Here is an emulation for this dataset. You may want to play with it and compare with your real data, and give us a realistic illustration
| makeresults
| eval sourcetype="orange", sourceip = mvappend("12.23.34.45", "23.34.45.56")
| mvexpand sourceip
| append
[makeresults
| eval sourcetype="apple", sip = mvappend(json_object("sip", "12.23.34.45", "dip", "12.23.34.45"), json_object("sip", "45.56.67.89", "dip", "23.34.45.56"))
| mvexpand sip
| fromjson sip]
``` the above emulates data, only runs in Splunk 8 or later ```
Thanks for the ideas so far. I will clarify more. Lets say I have the following data that I am certain represents the same communication (orange is a device that sees traffic and apple is another device, I have confirmed that it is the identical communication, but they log differently).
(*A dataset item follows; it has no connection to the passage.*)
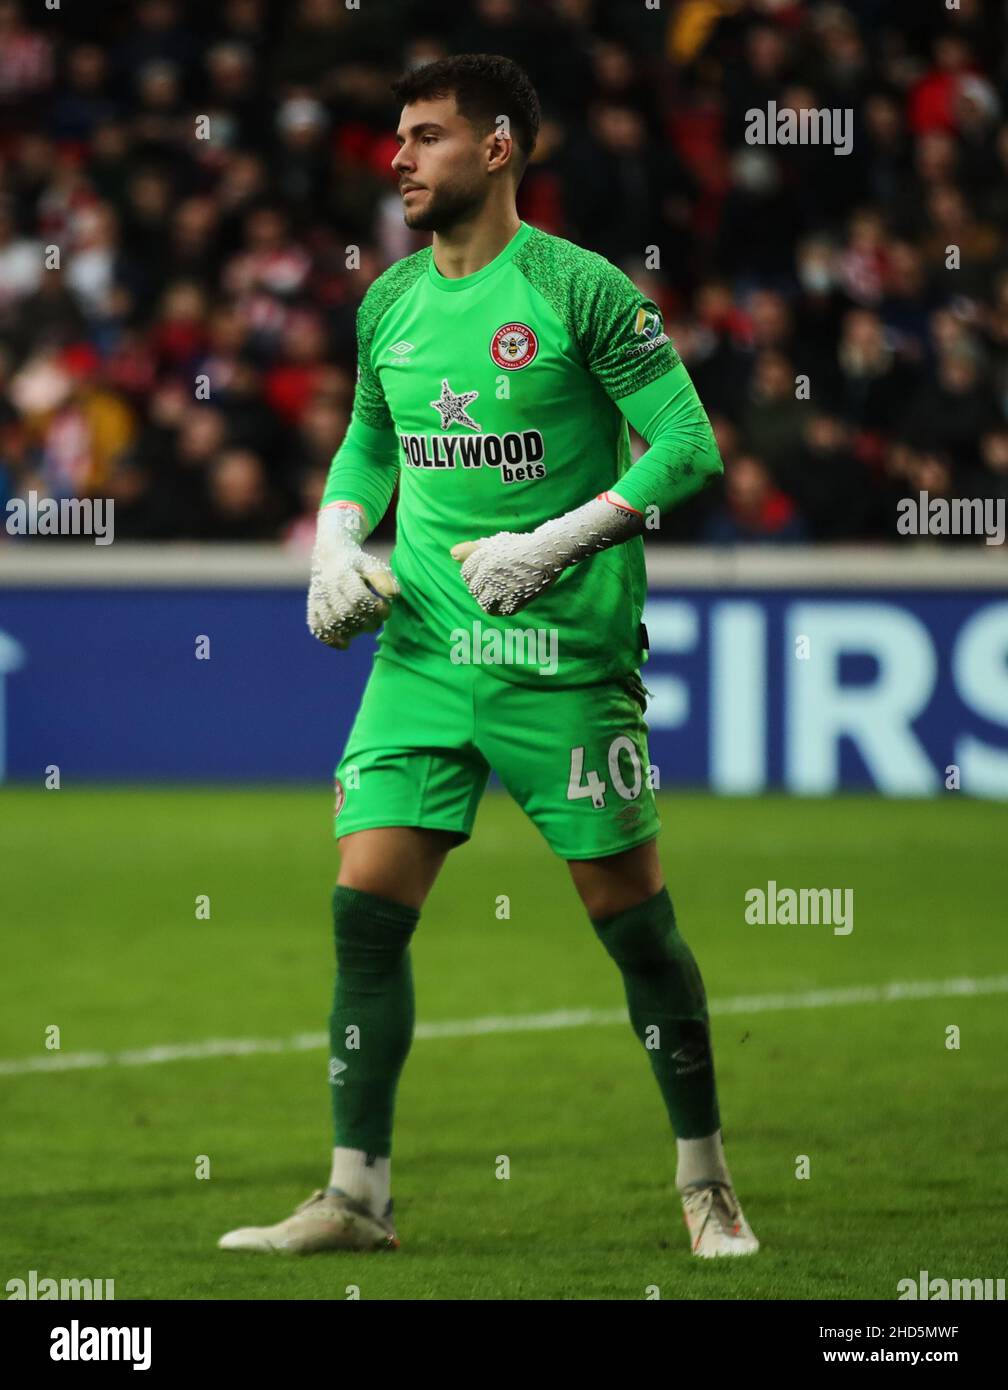 BRENTFORD, ENGLAND - JANUARY 02: Brentford goalkeeper Álvaro Fernández during the Premier League match between Brentford and Aston Villa at Brentford Community Stadium on January 2, 2022 in Brentford, England. (Photo by Ben Peters/MB Media) Stock Photo

destip | vlan | dip | sip | sourceip | sourcetype |
5.6.7.8 | 12.23.34.45 | orange | |||
5.22.66.11 | 45.56.67.89 | orange | |||
111 | 5.6.7.8 | 12.23.34.45 | apple | ||
111 | 5.22.66.11 | 45.56.67.89 | apple |
I can look at this and say "oh, they are the same traffic but it looks like orange and apple use a different taxonomy! I will combine sourceip and sip into src_ip. I will combine destip and dip into dest_ip!". I want to do this programatically without having to manually identify the common fields. Using JSON or something, I could transpose the values and the fields and say "show me the listing of the fields BY the values. Programmatically my result would look something akin to the following with a transpose;
45.56.67.89 | 12.23.34.45 | 5.22.66.11 | 5.6.7.8 | 111 |
sourceip sip | sourceip sip | destip dip | destip dip | vlan |
orange apple | orange apple | orange apple | orange apple | apple |
Admittedly that wouldn't be the prettiest version of the result, but it would get the job done. Any version of that result (one that says "here are redundant field names from semi-redundant sources) that lists the fields and their sourcetypes) would work.
@automayt - You can try the fieldsummary command to get summary of fields you are getting including common values.
- https://docs.splunk.com/Documentation/Splunk/latest/SearchReference/fieldsummary
And you could run it over multiple sourcetypes with map command.
| makeresults | eval sourcetype="abc"
| append [| makeresults | eval sourcetype="xyz"]
| map search="index=* sourcetype=$sourcetype|s$ | fieldsummary | eval sourcetype=$sourcetype|s$"
This is just a starting point, and I hope you get to take it to the next level.